EVPN VXLAN is a combination of an encapsulation technology and a control plane technology:
- VXLAN (Virtual Extensible LAN): The data plane - encapsulation technology
- EVPN (Ethernet VPN): The control plane - BGP-based control protocol
- Concept: Ethernet in UDP - taking Ethernet frames, encapsulating them into UDP datagrams with VXLAN header, then forwarding them as Layer 3
- Purpose: Stretch Layer 2 networks across Layer 3 boundaries
The Historical Context: Why EVPN VXLAN?
The story begins around 2006 when AMD and Intel released processors with virtualization extensions, enabling virtualization with almost no performance penalty (1-2%). This triggered the most rapid technology adoption in IT history:
- 2006: Almost nothing in production was virtualized
- 2010: Approximately 90% of most data centers were virtualized
- Key Requirement: vMotion (or live migration) - ability to move workloads from one hypervisor to another without shutting down the VM
- Network Challenge: Needed Layer 2 everywhere to support vMotion across the data center
Earlier Technologies (and Why They Failed)
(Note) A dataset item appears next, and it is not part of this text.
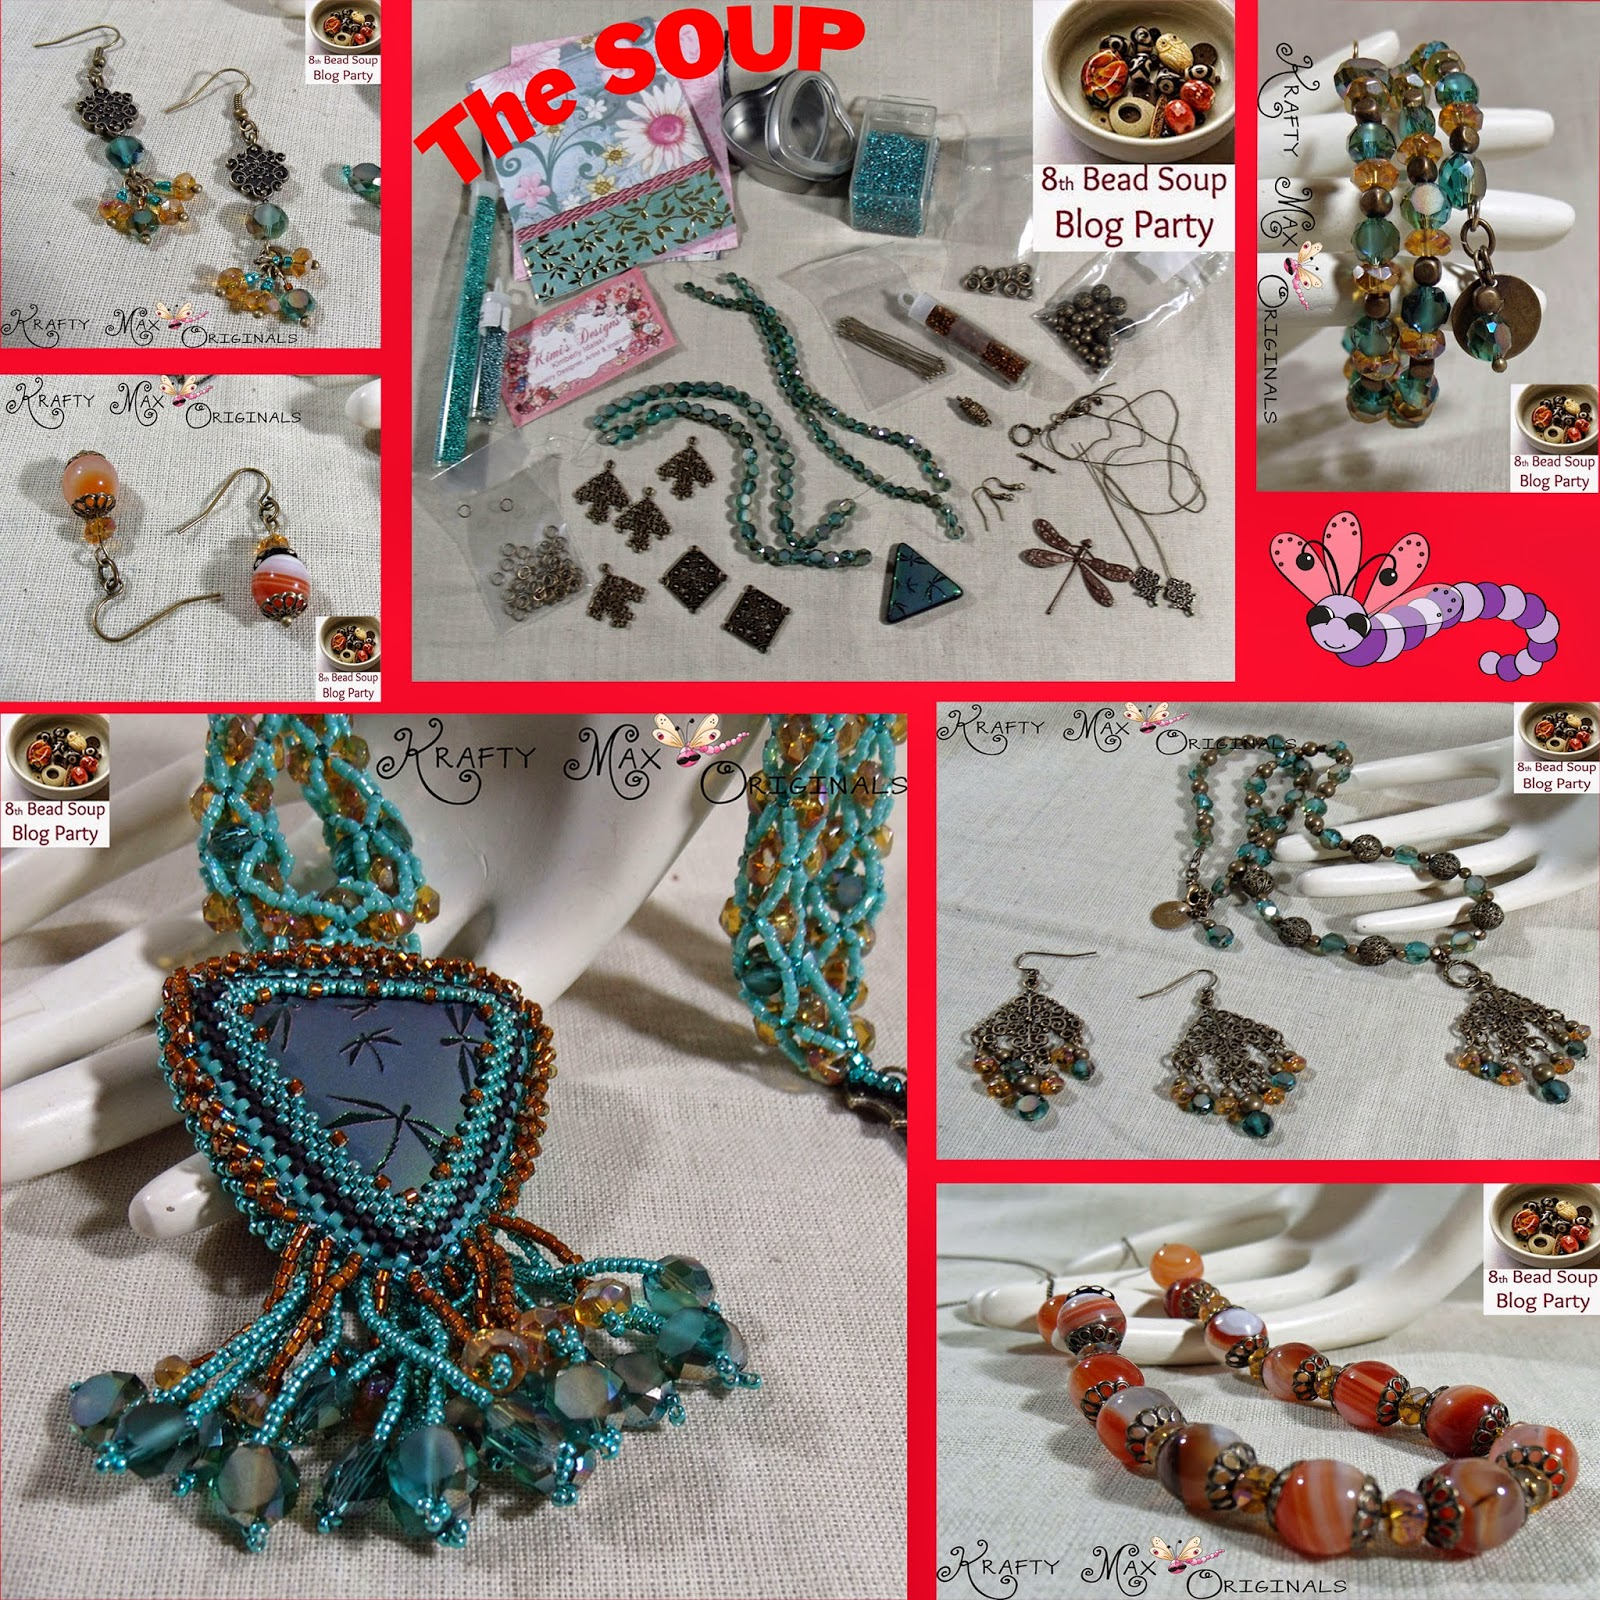 http://kraftymax.blogspot.com/2014/05/8th-bead-soup-blog-party-big-reveal.html
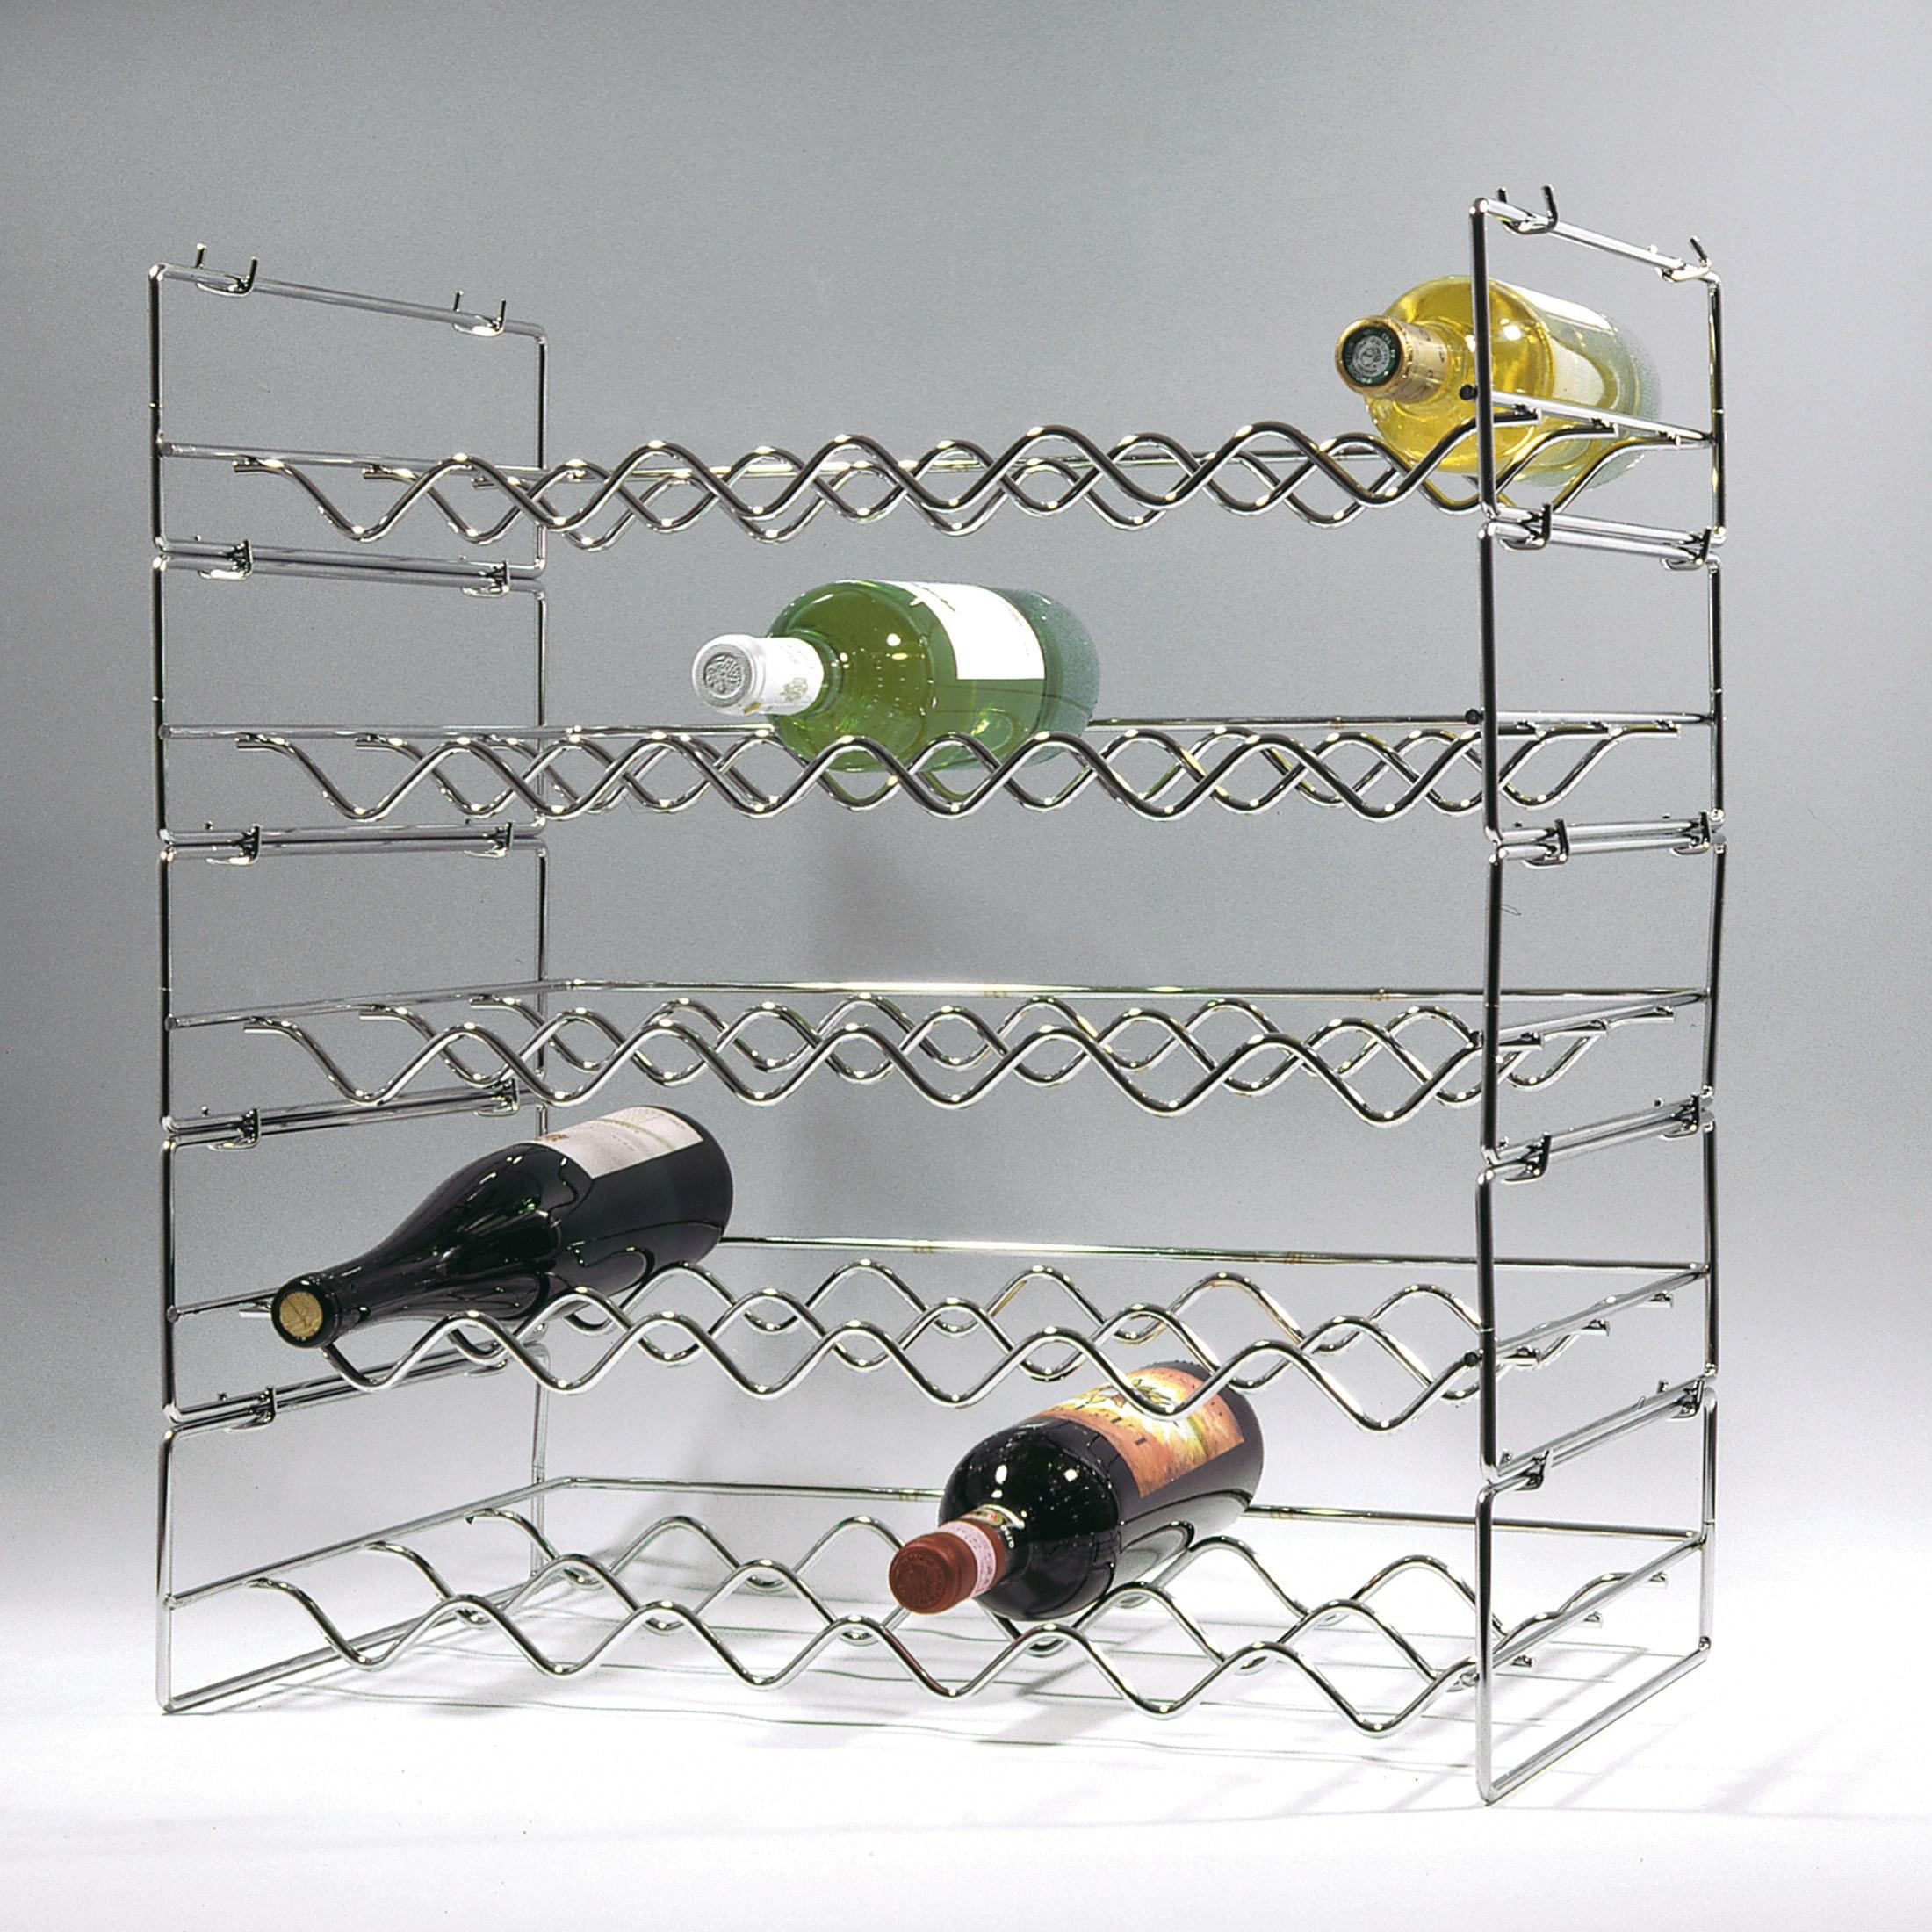 weinregal flaschenregal system loop metall stahl verchromt stapelbar erwei ebay. Black Bedroom Furniture Sets. Home Design Ideas

Several technologies attempted to solve the "Layer 2 everywhere" problem with more flexible network topologies:
| Technology | Year | Status | Notes |
|---|---|---|---|
| TRILL | ~2008 | Very limited use | Some large installations exist (~1% market share) |
| SPB | ~2008-2009 | Very limited use | Some service provider networks, ~1% market share |
| Fabric Path | ~2009 | Rare | TRILL-based but modified for incompatibility |
| VXLAN | 2011 | Initial release | No control plane - used multicast or head-end replication |
| EVPN VXLAN | ~2013+ | Winner | Added BGP-based control plane, integrated Layer 3 routing |
VMware has NOT removed the Layer 2 adjacency requirement for vMotion. Around 2012, they removed the requirement that hypervisors must be on the same subnet for the backend VM kernel network used during migration. However, the VM itself still requires Layer 2 adjacency between source and destination hypervisors. The same VLAN must exist on both hypervisors.
EVPN VXLAN Use Cases
1. Data Center at Scale - Primary Use Case
- Running a data center at scale with leaf-spine architecture
- Need to support thousands of nodes
- Avoid extending Layer 2 all over the place (reduces blast radius)
- Put whatever VLAN you need in whatever rack
- Still have safety and design benefits of Layer 3 architecture
- Support vMotion anywhere in the data center
2. Data Center Interconnect (DCI)
- Use EVPN VXLAN to extend Layer 2 between two data centers
- Traditional data centers still use core/aggregation/access with VLANs and SVIs
- Safer than extending VLANs with 802.1Q tags:
- Avoids extending spanning tree domain between data centers
- Prevents broadcast storms from taking down both data centers
- More controlled way to provide Layer 2 extension
- Note: Still has challenges with traffic flow (hairpinning), but provides "safe-ish" DCI
3. Wired Campus Networks
- Traditional design: VLAN per floor (VLAN 10 = first floor, VLAN 20 = second floor)
- VXLAN approach: VLAN based on function/role across multiple floors
- Sales = VLAN 10 across three floors
- Engineering = VLAN 20 across all floors
- Integration with NAC: Device gets placed into specific VLAN based on identity at login
- Security rules based on role instead of location
- Still relatively rare - most campus networks use traditional VLAN per floor design
4. Workload Placement Flexibility
- Provide every network everywhere in the data center
- Place workloads anywhere without subnet constraints
- Old way: "This application can only be in Rack 1 because that's where the Rack 1 subnet is"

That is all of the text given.